Instructions for the task
Using the entries that follow, write out the line containing "Tulsa Ballet Center", the line containing "Read online World's", and every line between them, exactly and nothing else.

Exercise materials
----------
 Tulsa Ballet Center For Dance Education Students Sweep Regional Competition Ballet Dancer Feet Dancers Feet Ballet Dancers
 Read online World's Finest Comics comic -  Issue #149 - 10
----------
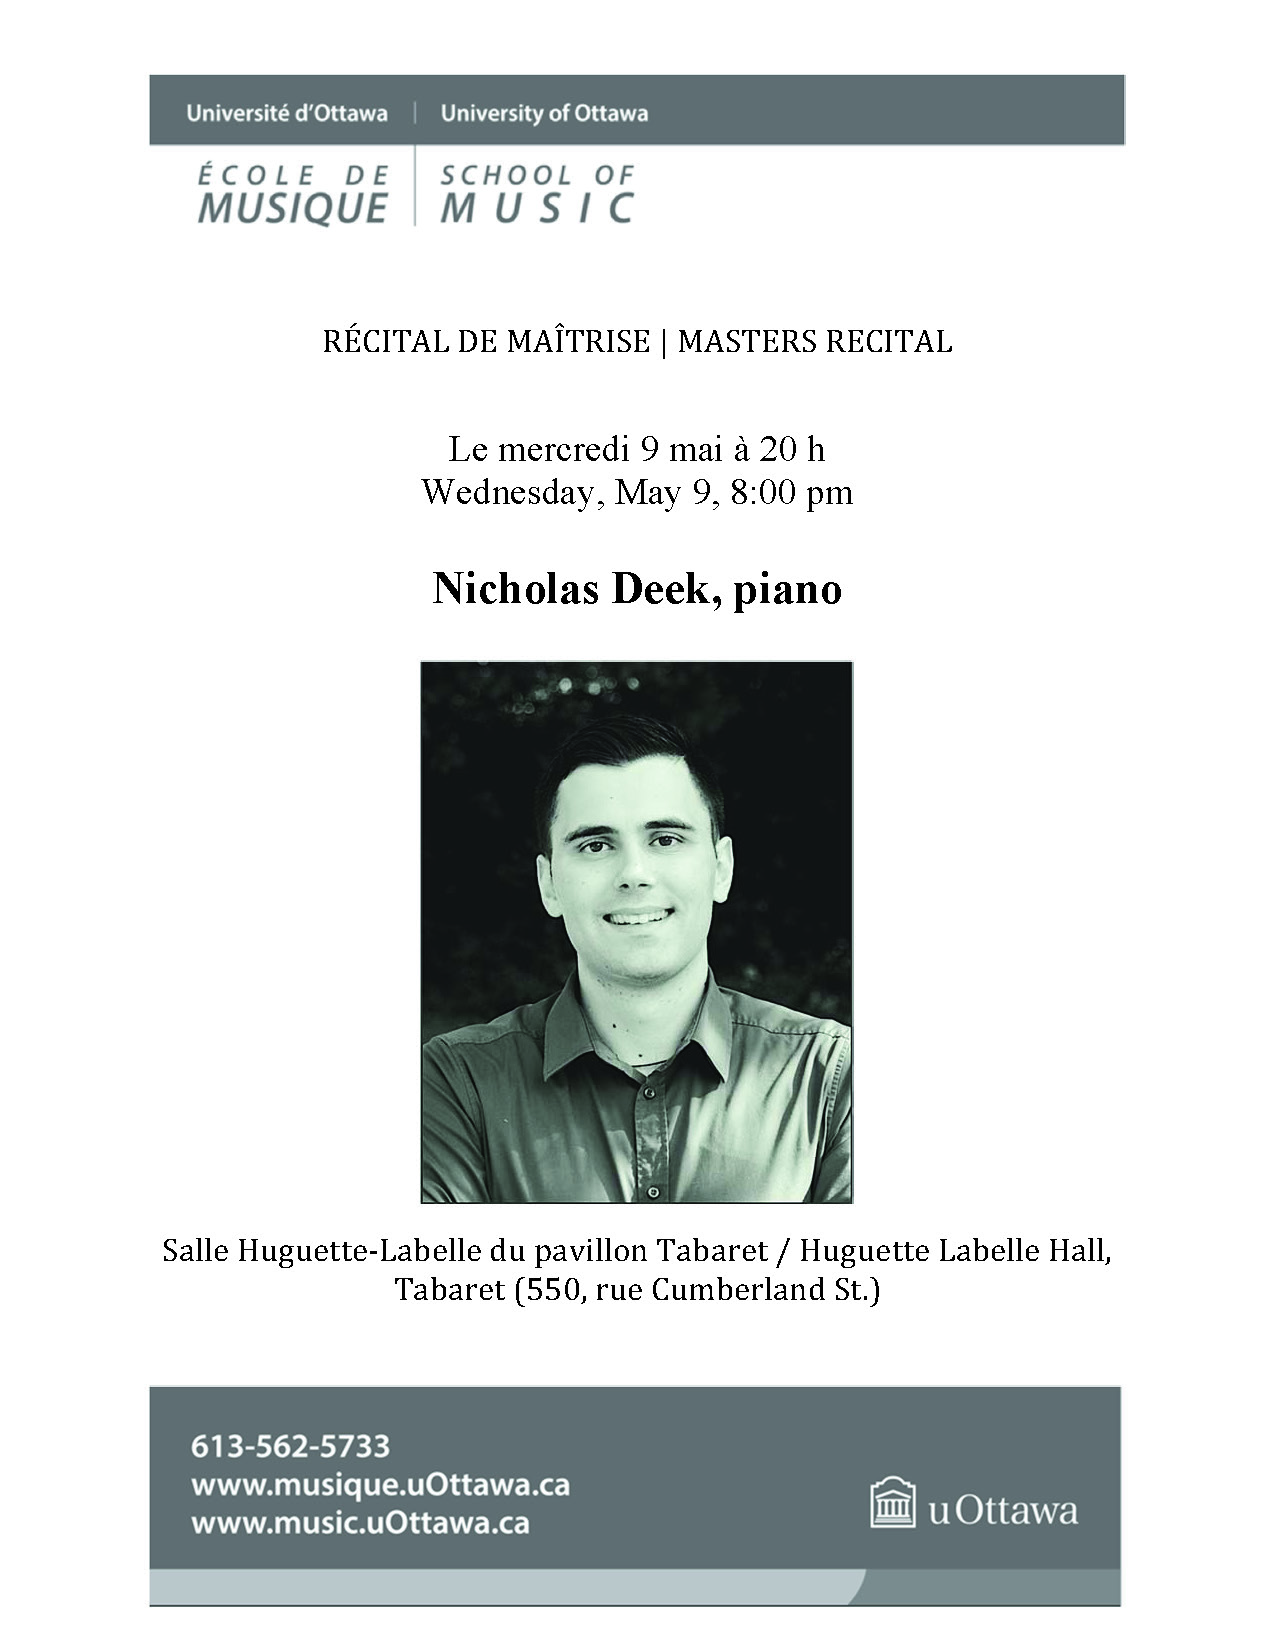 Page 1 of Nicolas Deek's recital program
----------
Answer below
 Tulsa Ballet Center For Dance Education Students Sweep Regional Competition Ballet Dancer Feet Dancers Feet Ballet Dancers
 Read online World's Finest Comics comic -  Issue #149 - 10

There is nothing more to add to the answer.